1. **Phenomenological Models**: Capture generic dynamical behaviors (oscillations, excitability)
   without direct physiological interpretation. Useful for studying synchronization, bifurcations,
   and other dynamical phenomena.

2. **Physiological Models**: Incorporate biophysical details like synaptic dynamics, membrane
   potentials, and ionic currents.
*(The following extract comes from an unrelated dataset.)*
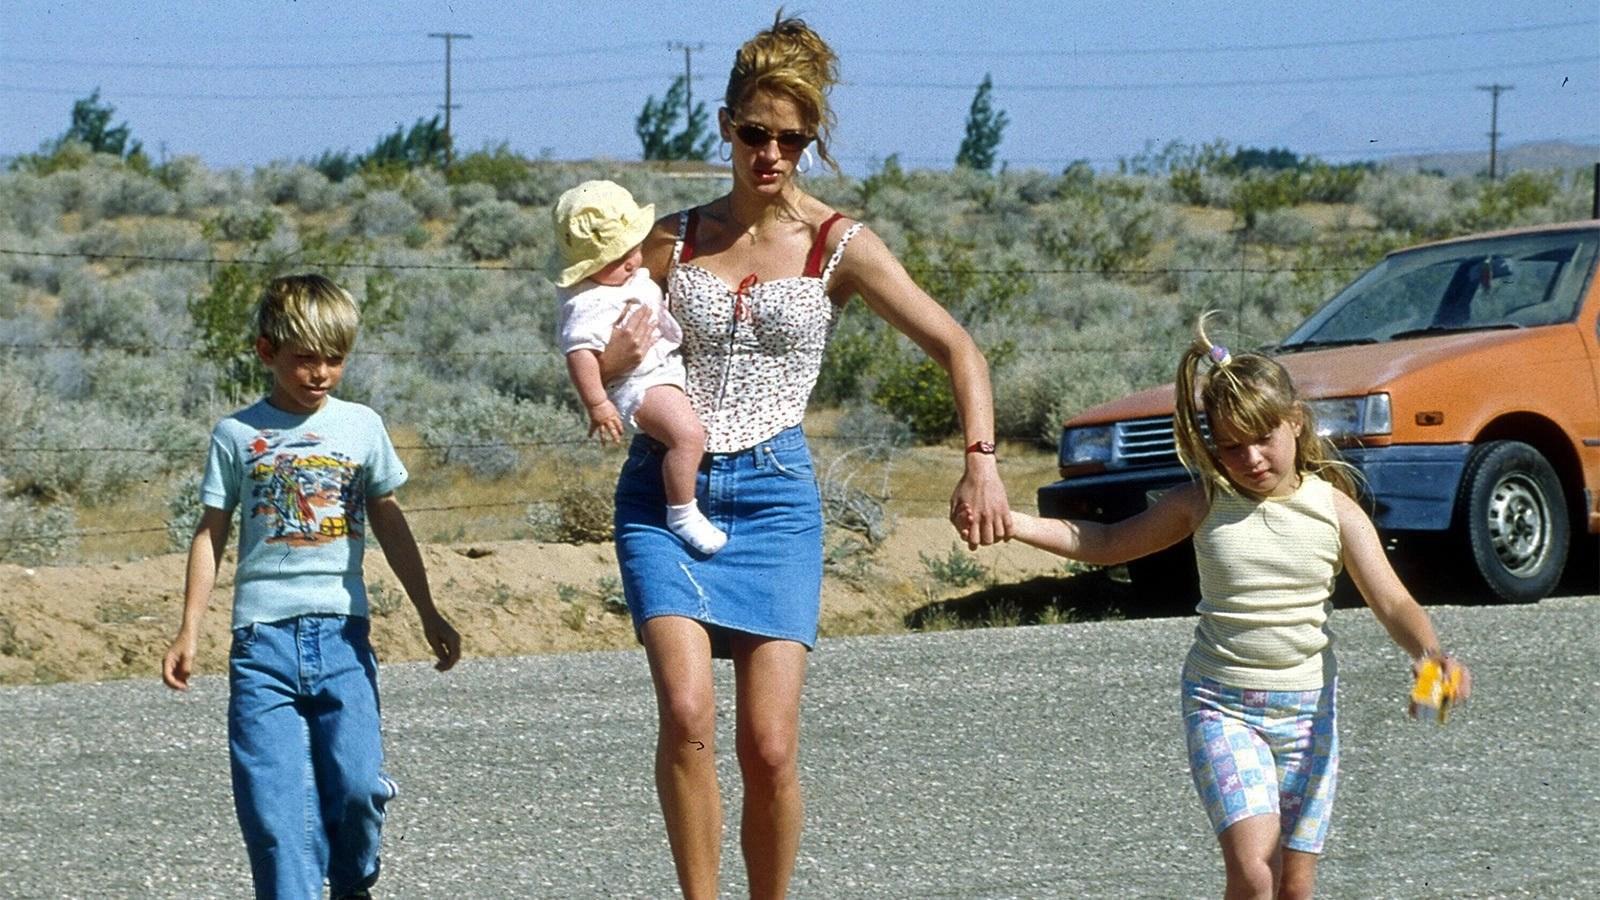 Julia Roberts in Erin Brockovich - Forte come la verità (2000)

Suitable for simulating realistic neural activity and linking
   to empirical data.


Model Comparison
----------------

The following table summarizes the key characteristics of each model:

.. list-table::
   :widths: 20 15 15 20 30
   :header-rows: 1

   * - Model
     - Category
     - Variables
     - Typical Use Cases
     - Key Features
   * - :class:`HopfStep`
     - Phenomenological
     - 2 (x, y)
     - Oscillation onset, rhythm generation
     - Supercritical Hopf bifurcation, normal form
   * - :class:`VanDerPolStep`
     - Phenomenological
     - 2 (x, y)
     - Nonlinear oscillations, relaxation
     - Self-sustained oscillations, limit cycle
   * - :class:`StuartLandauStep`
     - Phenomenological
     - 2 (x, y)
     - Oscillations with amplitude control
     - Complex amplitude, frequency control
   * - :class:`FitzHughNagumoStep`
     - Phenomenological
     - 2 (v, w)
     - Excitability, spike generation
     - Type II excitable system, fast-slow
   * - :class:`ThresholdLinearStep`
     - Phenomenological
     - 2 (rE, rI)
     - Fast dynamics, linear responses
     - Threshold activation, E-I populations
   * - :class:`KuramotoNetwork`
     - Phenomenological
     - 1 (θ)
     - Phase synchronization
     - Phase oscillators, order parameter
   * - :class:`JansenRitStep`
     - Physiological
     - 6 states
     - EEG generation, alpha rhythms
     - 3 populations (pyramidal, excitatory, inhibitory interneurons)
   * - :class:`WilsonCowanStep`
     - Physiological
     - 2 (rE, rI)
     - E-I dynamics, population rates
     - Classic two-population model, firing rates
   * - :class:`WongWangStep`
     - Physiological
     - 2 (S_E, S_I)
     - Decision making, resting state fMRI
     - Spiking network reduction, NMDA/GABA synapses
   * - :class:`MontbrioPazoRoxinStep`
     - Physiological
     - 2 (r, v)
     - Mean-field dynamics, theta neurons
     - Quadratic integrate-and-fire, exact reduction


Common API Pattern
------------------

All neural mass models follow a consistent interface:

.. code-block:: python

   import brainmass
   import jax.numpy as jnp
   import brainunit as u
   import brainstate

   # 1. Create model instance
   model = brainmass.WilsonCowanStep(
       in_size=10,  # 10 brain regions
       tau_E=10. * u.ms,
       tau_I=20. * u.ms,
       # ... other parameters
   )

   # 2. Initialize state variables
   model.init_all_states(batch_size=None)  # or batch_size=32 for batched simulations

   # 3. Run simulation
   def step(i):
       return model.update(rE_inp=0.1, rI_inp=0.05)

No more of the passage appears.